As I Lay Dying by William Faulkner
As I Lay Dying

William Faulkner

Peabody

PEABODY

I SAID, “I reckon a man in a tight might let Bill Varner patch him up like a

damn mule, but I be damned if the man that’d let Anse Bundren treat him with raw cement ain’t got more spare legs than I have.”

“They just aimed to ease hit some,” he said.

“Aimed, hell,” I said. “What in hell did Armstid mean by even letting them put you on that wagon again?”

“Hit was gittin’ right noticeable,” he said. “We never had time to wait.” I just looked at him. “Hit never bothered me none,” he said.

“Don’t you lie there and try to tell me you rode six days on a wagon without springs, with a broken leg and it never bothered you.”

“I never bothered me much,” he said.

“You mean, it never bothered Anse much,” I said. “No more than it bothered him to throw that poor devil down in the public street and handcuff him like a damn murderer. Don’t tell me.
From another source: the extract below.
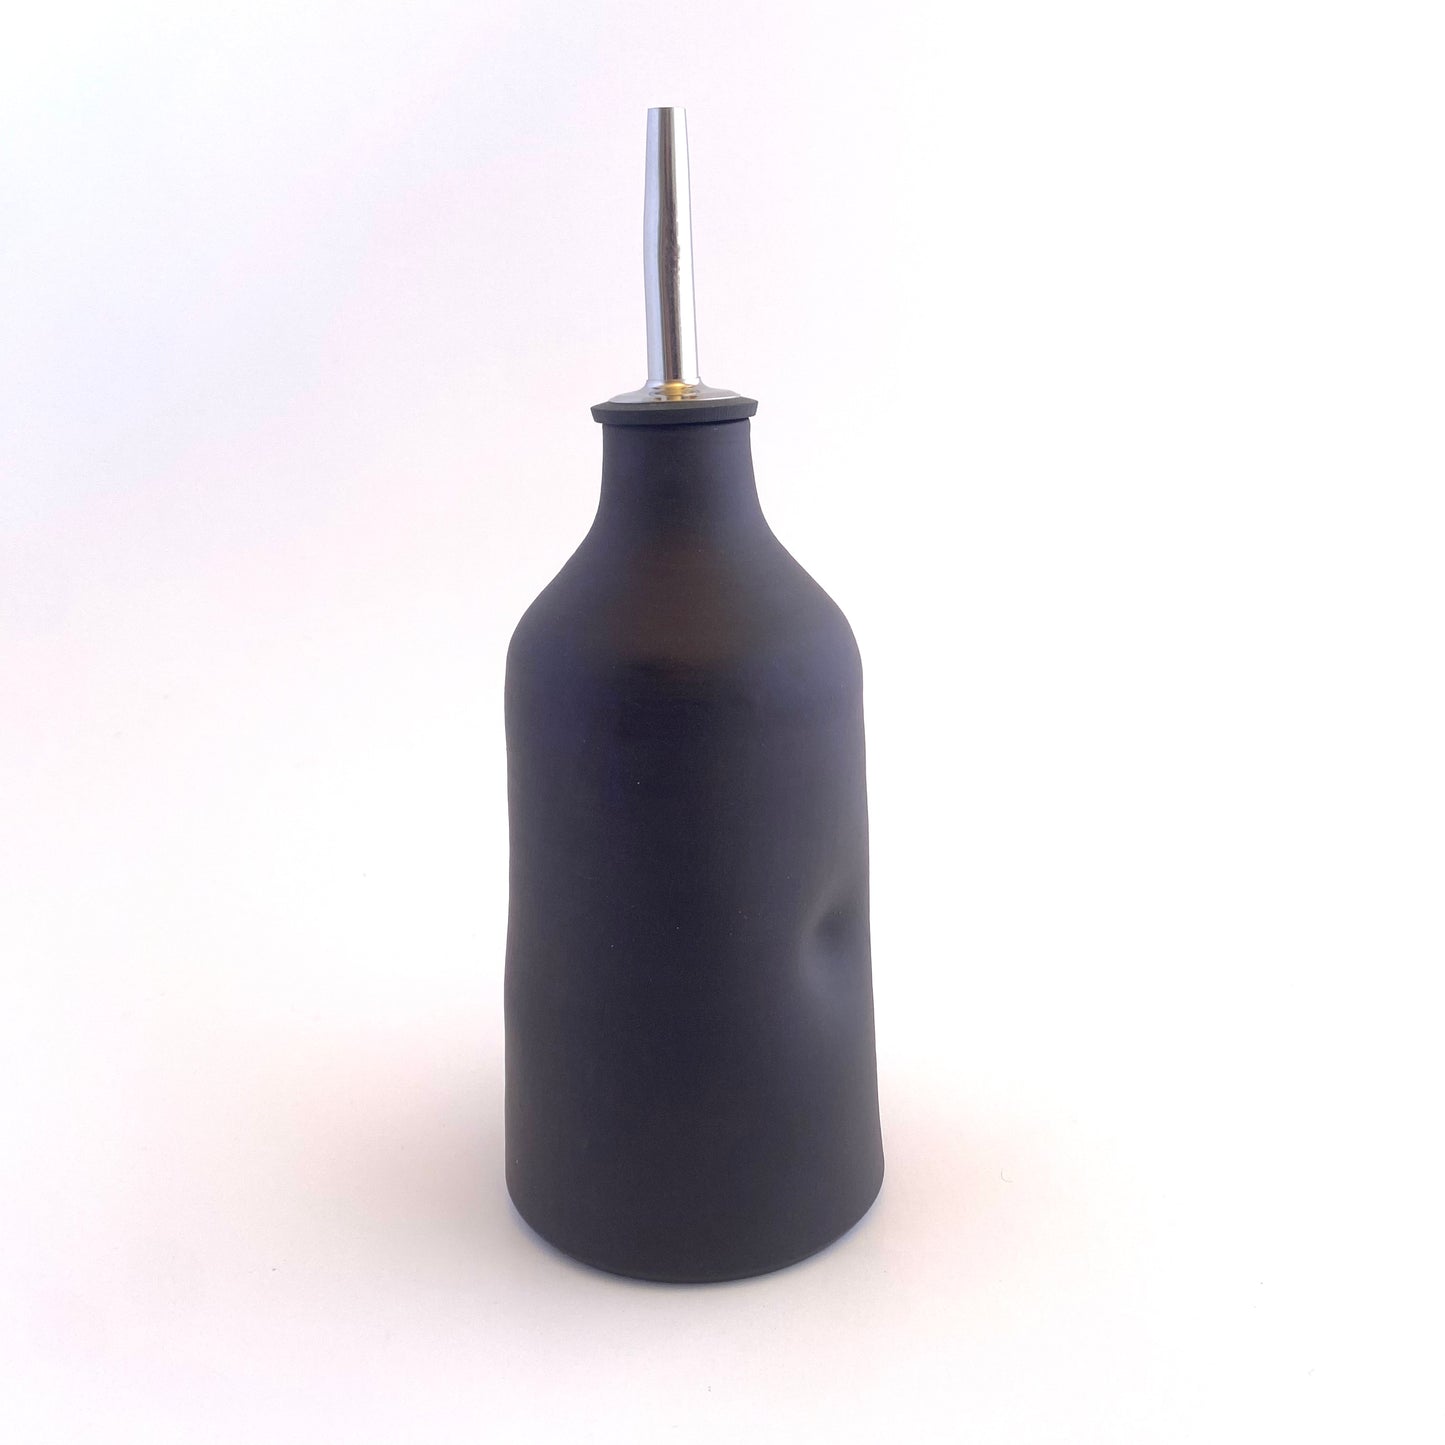 Imprint Olive Oil Vessel in Matte Black

And don’t tell me it ain’t going to bother you to lose sixty-odd square inches of skin to get that concrete off. And don’t tell me it ain’t going to bother you to have to limp around on one short leg for the balance of your life—if you walk at all again. Concrete,” I said.

“God Amighty, why didn’t Anse carry you to the nearest sawmill and stick your leg in the saw? That would have cured it. Then you all could have stuck his head into the saw and cured a whole family. . . . Where is Anse, anyway?

What’s he up to now?”

“He’s takin’ back them spades he borrowed,” he said.
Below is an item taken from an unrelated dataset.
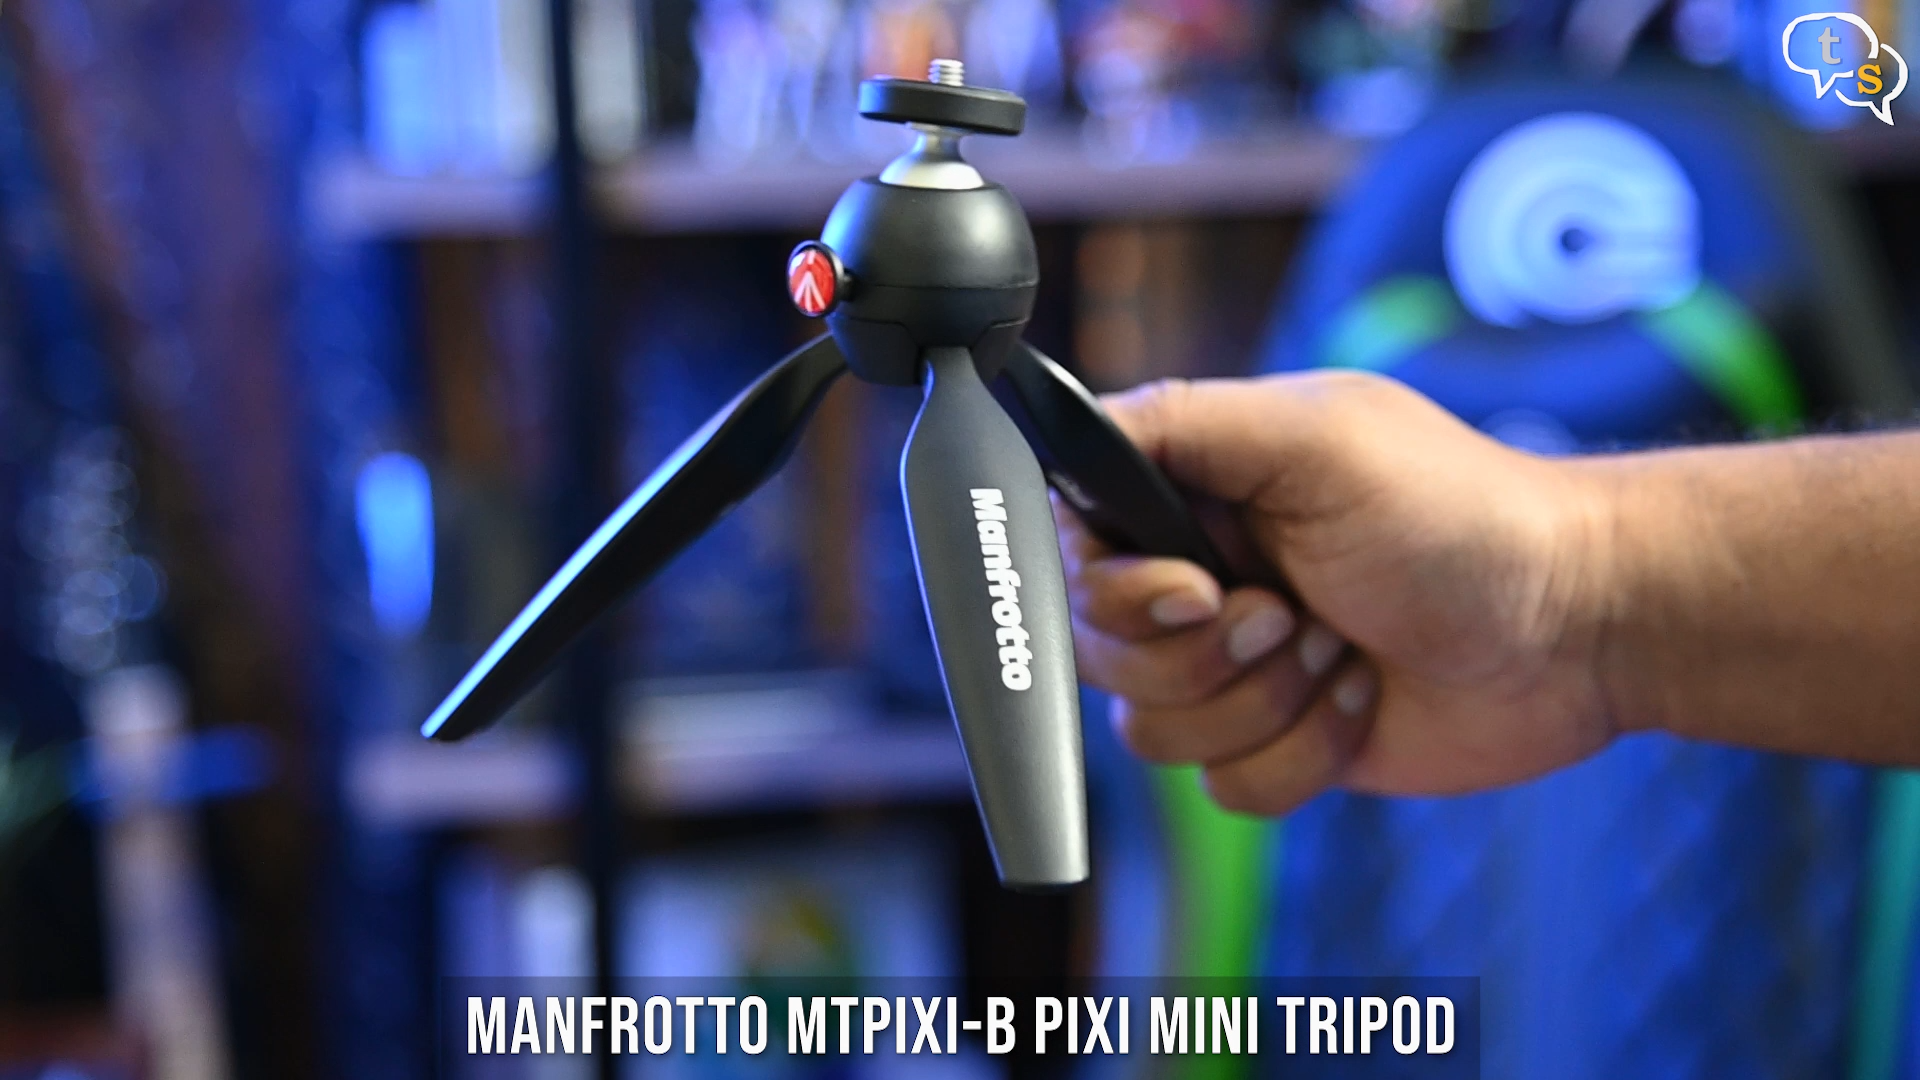 Manfrotto Pixi Mini tripod

“That’s right,” I said. “Of course he’d have to borrow a spade to bury his wife with. Unless he could borrow a hole in the ground. Too bad you all didn’t put him in it too. . . . Does that hurt?”

“Not to speak of,” he said, and the sweat big as marbles running down his face and his face about the colour of blotting-paper.

“ ’Course not,” I said. “About next summer you can hobble around fine on this leg. Then it won’t bother you, not to speak of . . . If you had anything you could call luck, you might say it was lucky this is the same leg you broke

before,” I said.

“Hit’s what paw says,” he said.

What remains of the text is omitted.